Can this only be done with an optimize or does it also depend on the 
merge policy? If it also depends also on the merge policy which one 
should I choose then?

Thanks!

BR,
Arkadi


Re: Merge policy

Posted by Arkadi Colson <ar...@smartbit.be>.
It's a default installation using the default settings and parameters. 
Should I perhaps change the segment size or so? Is it possible to do 
live without re-indexing? If you need more info, just let me know...

Thx!


On 27-10-16 19:03, Walter Underwood wrote:
> That distribution of segment sizes seems odd. Why so many medium-large segments?
>
> Are there custom settings for merge policy? I think the default policy would avoid so many segments that are mostly deleted documents.
>
> wunder
> Walter Underwood
> wunder@wunderwood.org
> http://observer.wunderwood.org/  (my blog)
>
>
>> On Oct 27, 2016, at 9:40 AM, Shawn Heisey <ap...@elyograg.org> wrote:
>>
>> On 10/27/2016 9:50 AM, Yonik Seeley wrote:
>>> On Thu, Oct 27, 2016 at 9:56 AM, Arkadi Colson <ar...@smartbit.be>
>>> wrote:
>>>> Thanks for the answer! Do you know if there is a way to trigger an
>>>> optimize for only 1 shard and not the whole collection at once?
>>> Adding a "distrib=false" parameter should work I think.
>> Last time I checked, which I admit has been a little while, optimize
>> ignored distrib and proceeded with a sequential optimize of every core
>> in the collection.
>>
>> Thanks,
>> Shawn
>>
>


Re: Merge policy

Posted by Walter Underwood <wu...@wunderwood.org>.
That distribution of segment sizes seems odd. Why so many medium-large segments?

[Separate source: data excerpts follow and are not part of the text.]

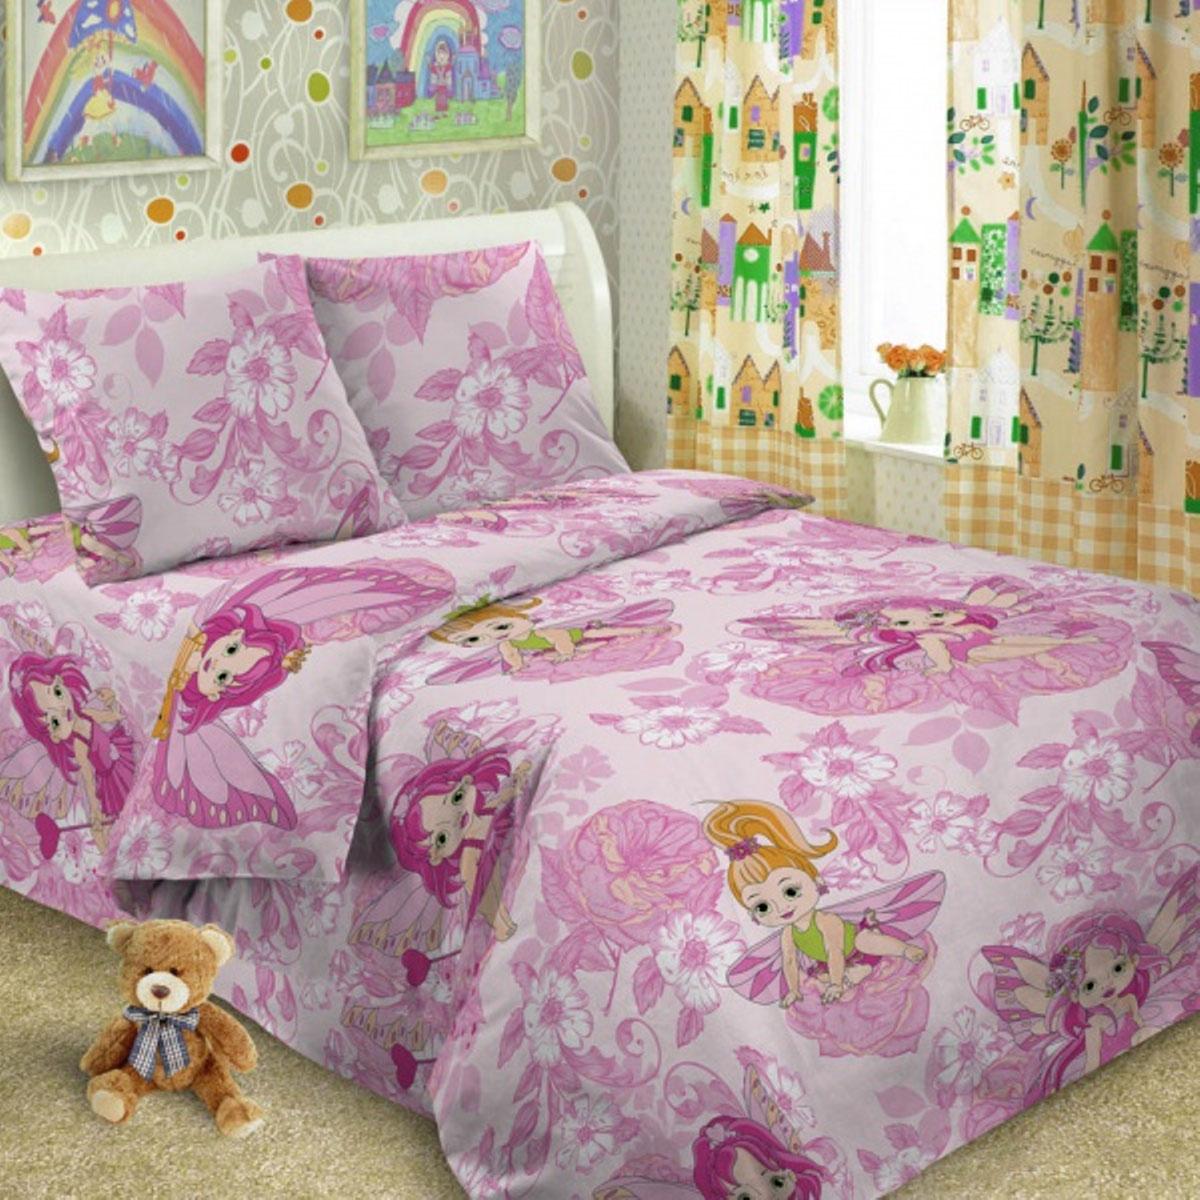 Комплект детского постельного белья Letto  Софи , 1,5 спальный, наволочка 50 x 70 см, цвет: фиолетовый -  Постельное белье
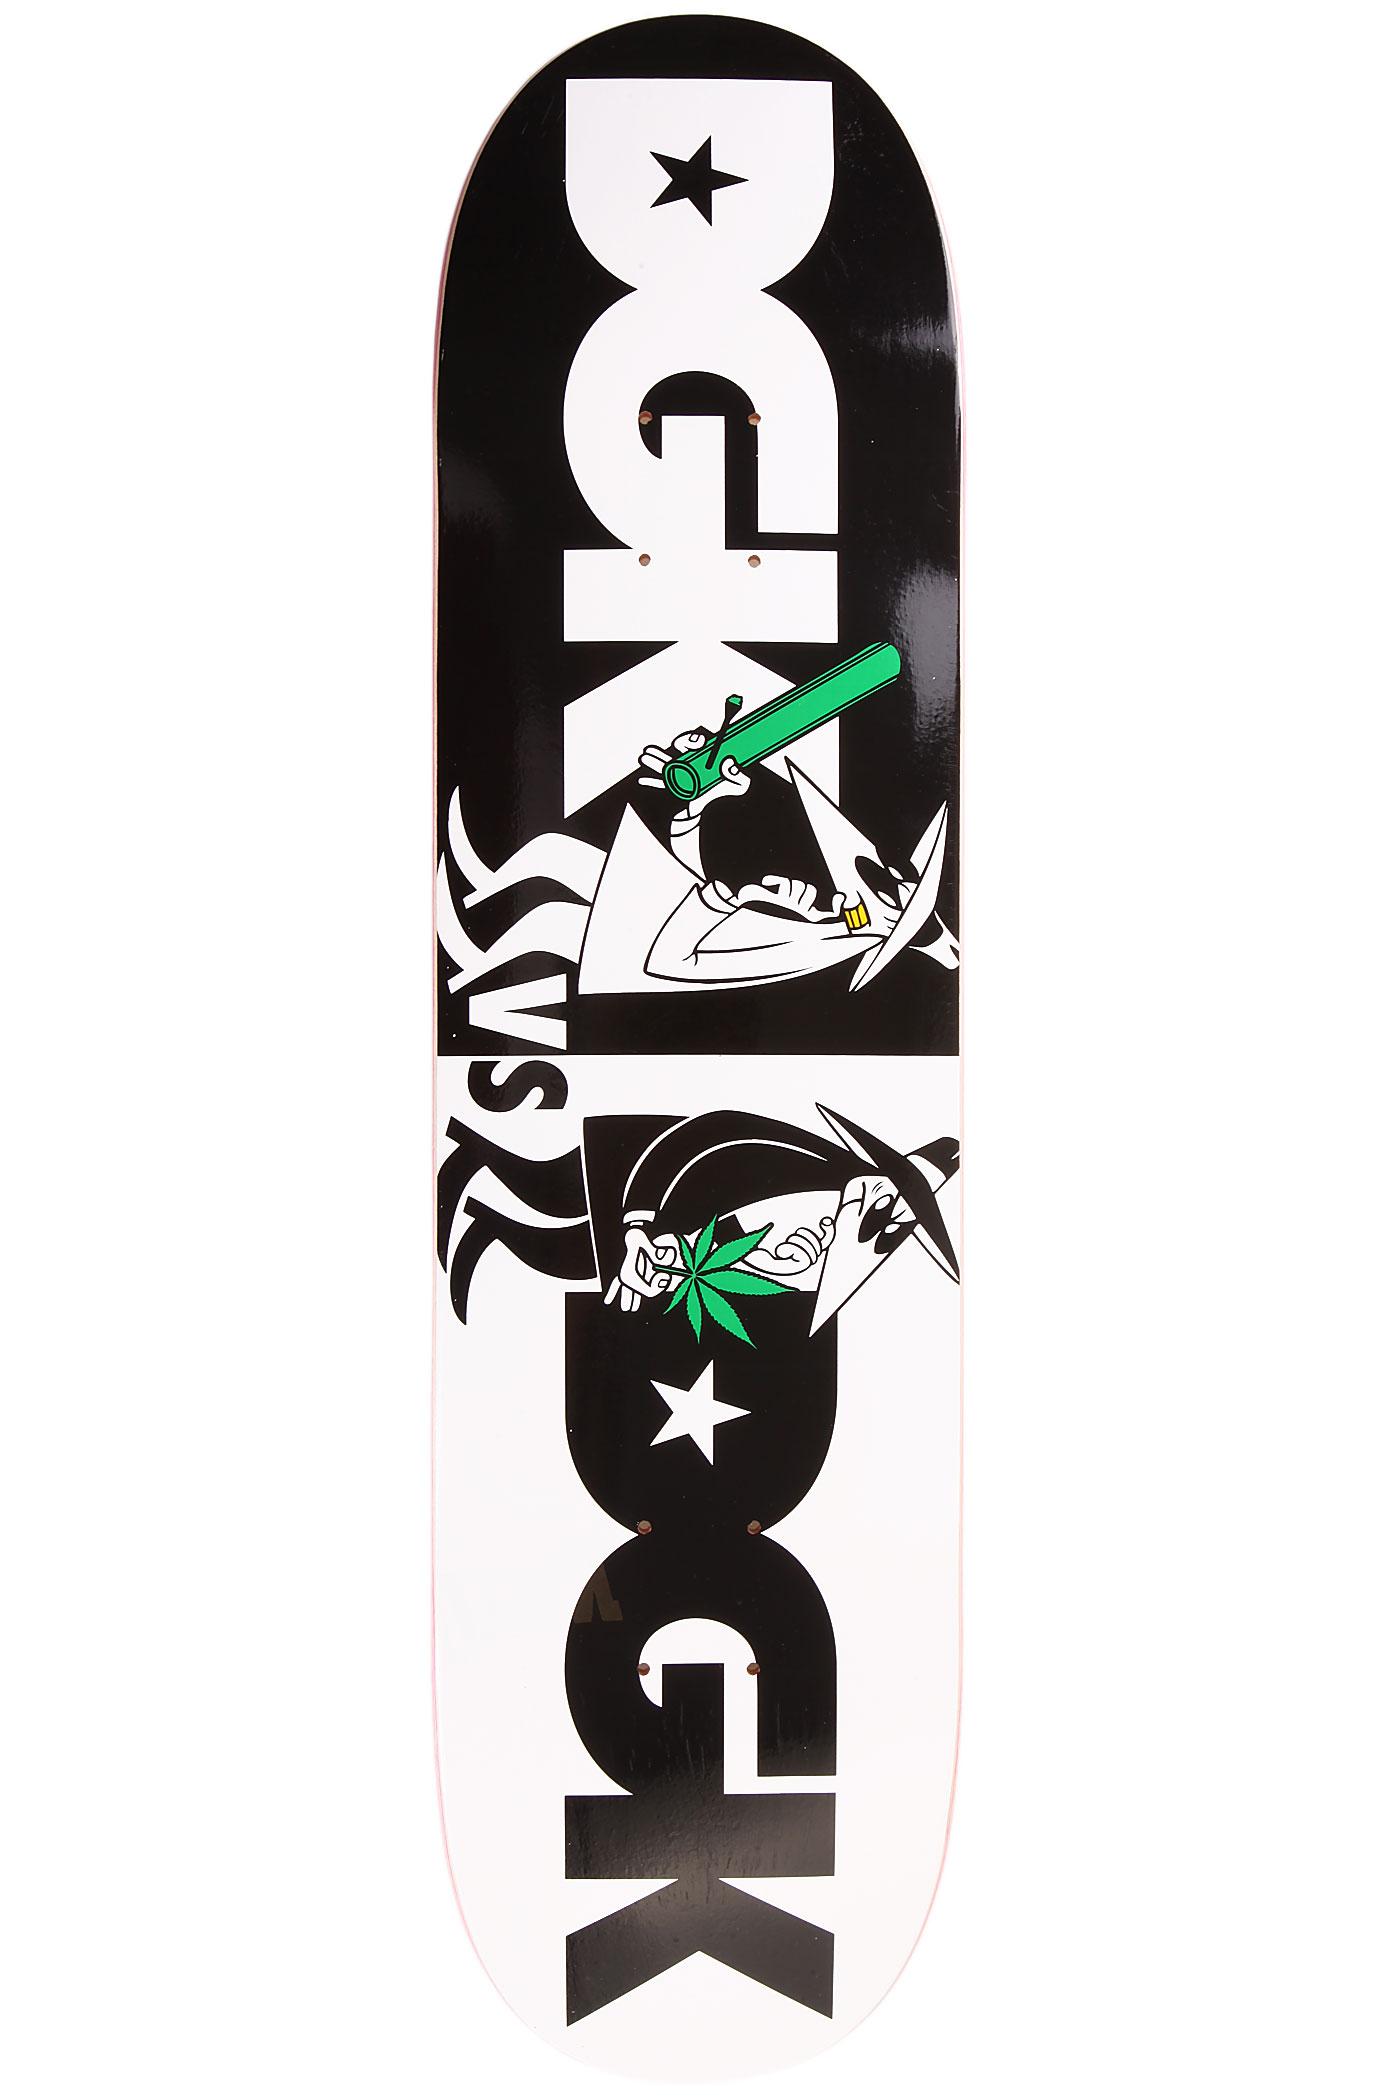 dgk skateboards decks  HD Photo Wallpaper Collection HD WALLPAPERS 1400x2100
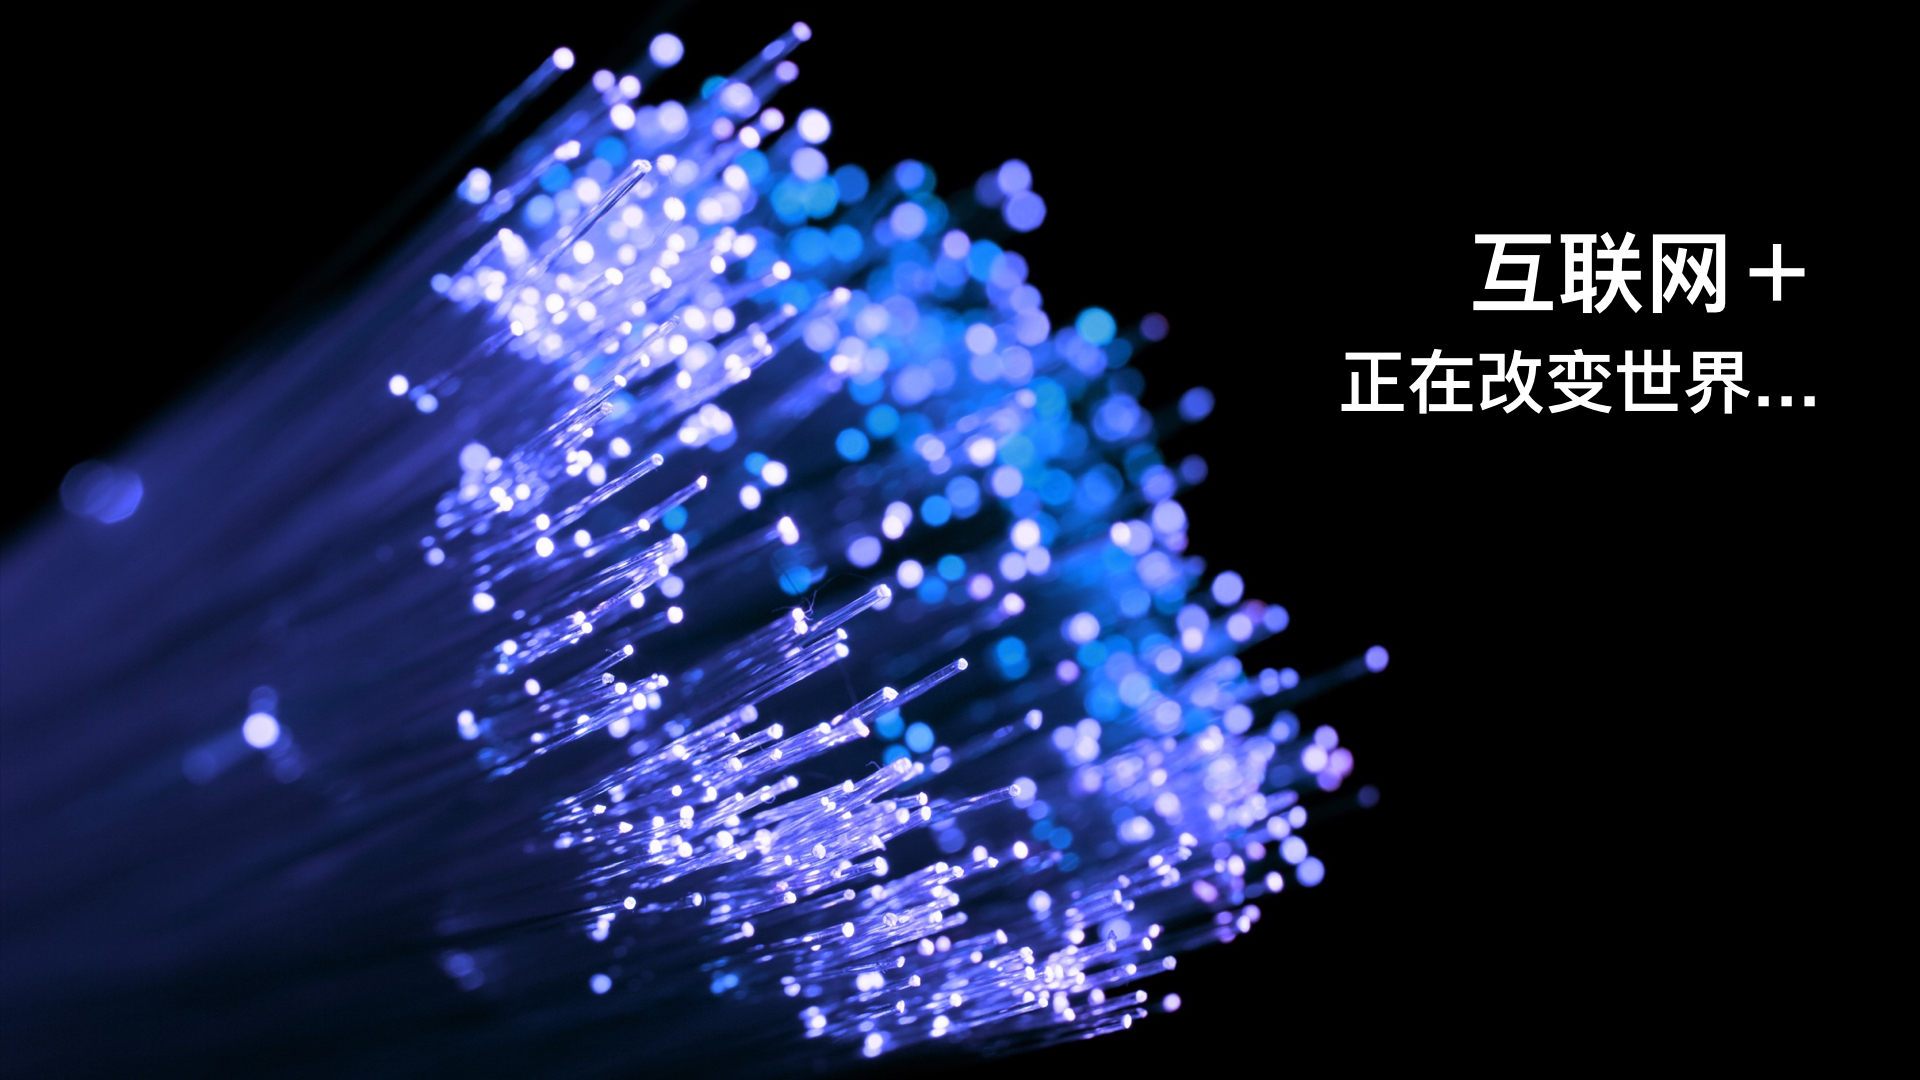 传统企业需要理解哪些互联网产品思维?

Are there custom settings for merge policy? I think the default policy would avoid so many segments that are mostly deleted documents.

wunder
Walter Underwood
wunder@wunderwood.org
http://observer.wunderwood.org/  (my blog)


> On Oct 27, 2016, at 9:40 AM, Shawn Heisey <ap...@elyograg.org> wrote:
> 
> On 10/27/2016 9:50 AM, Yonik Seeley wrote:
>> On Thu, Oct 27, 2016 at 9:56 AM, Arkadi Colson <ar...@smartbit.be>
>> wrote:
>>> Thanks for the answer! Do you know if there is a way to trigger an
>>> optimize for only 1 shard and not the whole collection at once? 
>> Adding a "distrib=false" parameter should work I think. 
> 
> Last time I checked, which I admit has been a little while, optimize
> ignored distrib and proceeded with a sequential optimize of every core
> in the collection.
> 
> Thanks,
> Shawn
> 


Re: Merge policy

Posted by Shawn Heisey <ap...@elyograg.org>.
On 10/27/2016 9:50 AM, Yonik Seeley wrote:
> On Thu, Oct 27, 2016 at 9:56 AM, Arkadi Colson <ar...@smartbit.be>
> wrote:
>> Thanks for the answer! Do you know if there is a way to trigger an
>> optimize for only 1 shard and not the whole collection at once? 
> Adding a "distrib=false" parameter should work I think. 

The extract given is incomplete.